EXERCISE REQUIREMENTS: Can you quote the lines below exactly, starting at the line with "Blind Beggar - Broadway" and going through the last one?

DATA EXCERPT:
···
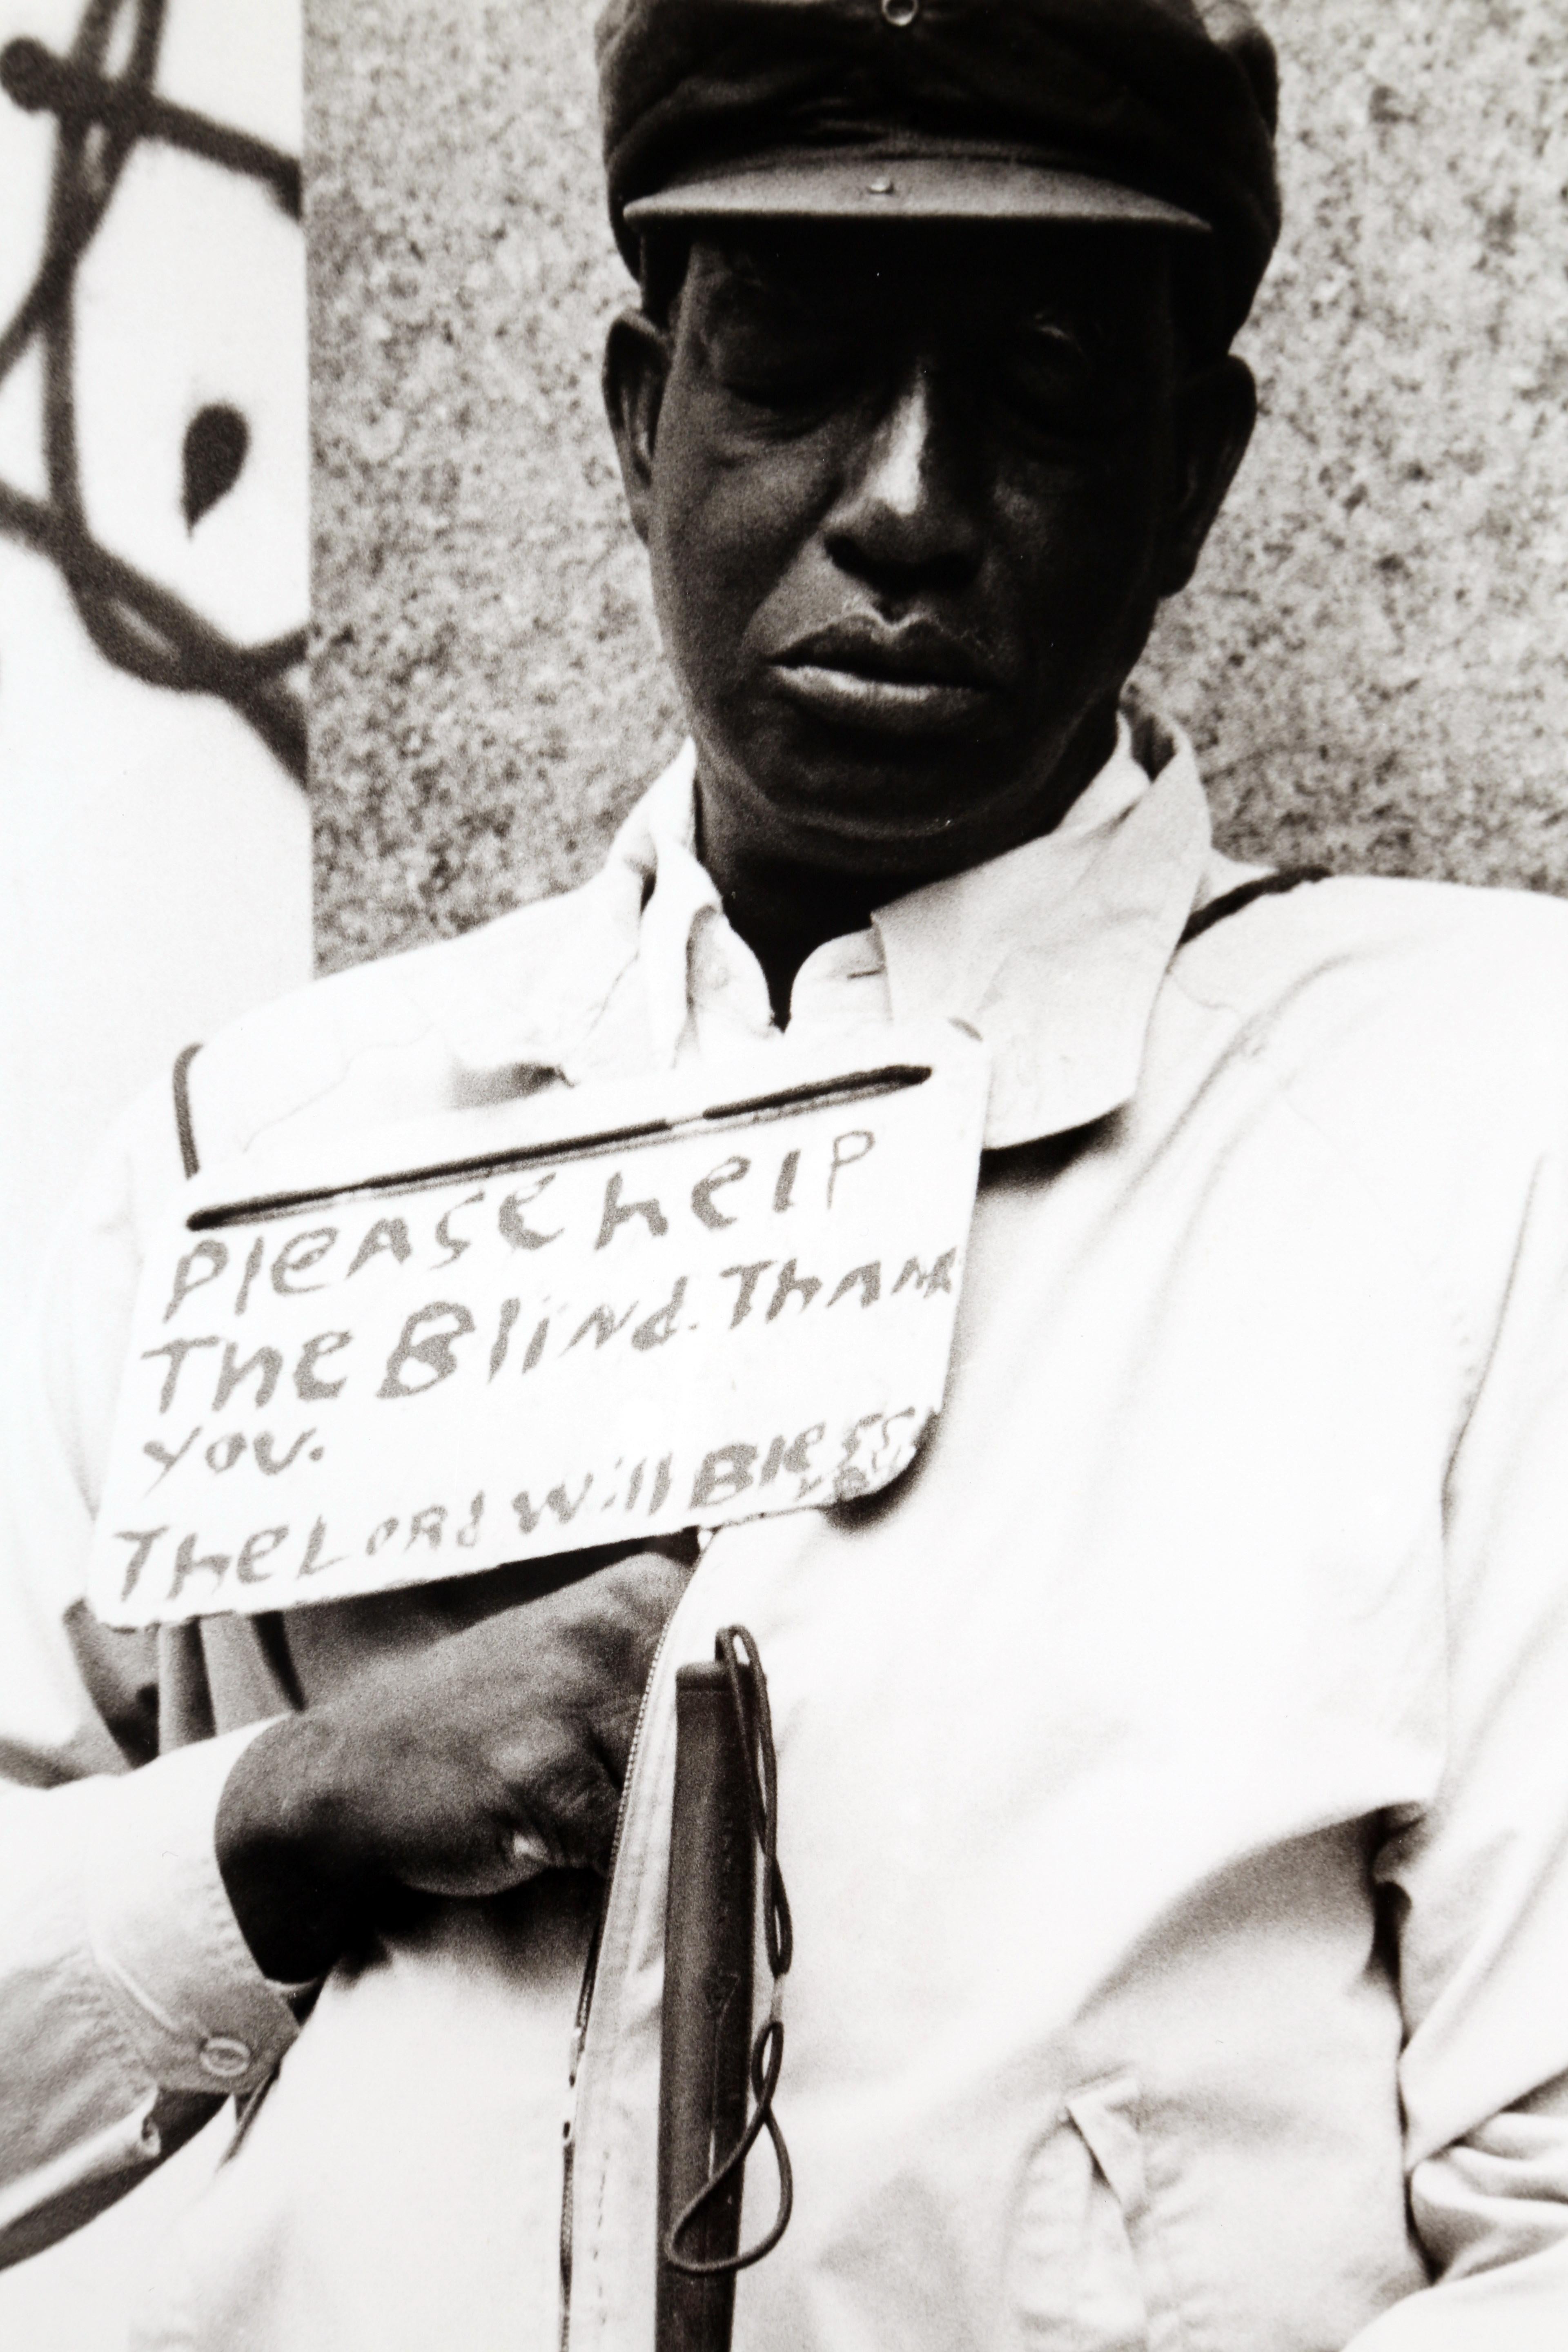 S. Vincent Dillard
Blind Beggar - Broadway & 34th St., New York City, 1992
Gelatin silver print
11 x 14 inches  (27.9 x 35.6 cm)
···
ANSWER SECTION:
Blind Beggar - Broadway & 34th St., New York City, 1992
Gelatin silver print
11 x 14 inches  (27.9 x 35.6 cm)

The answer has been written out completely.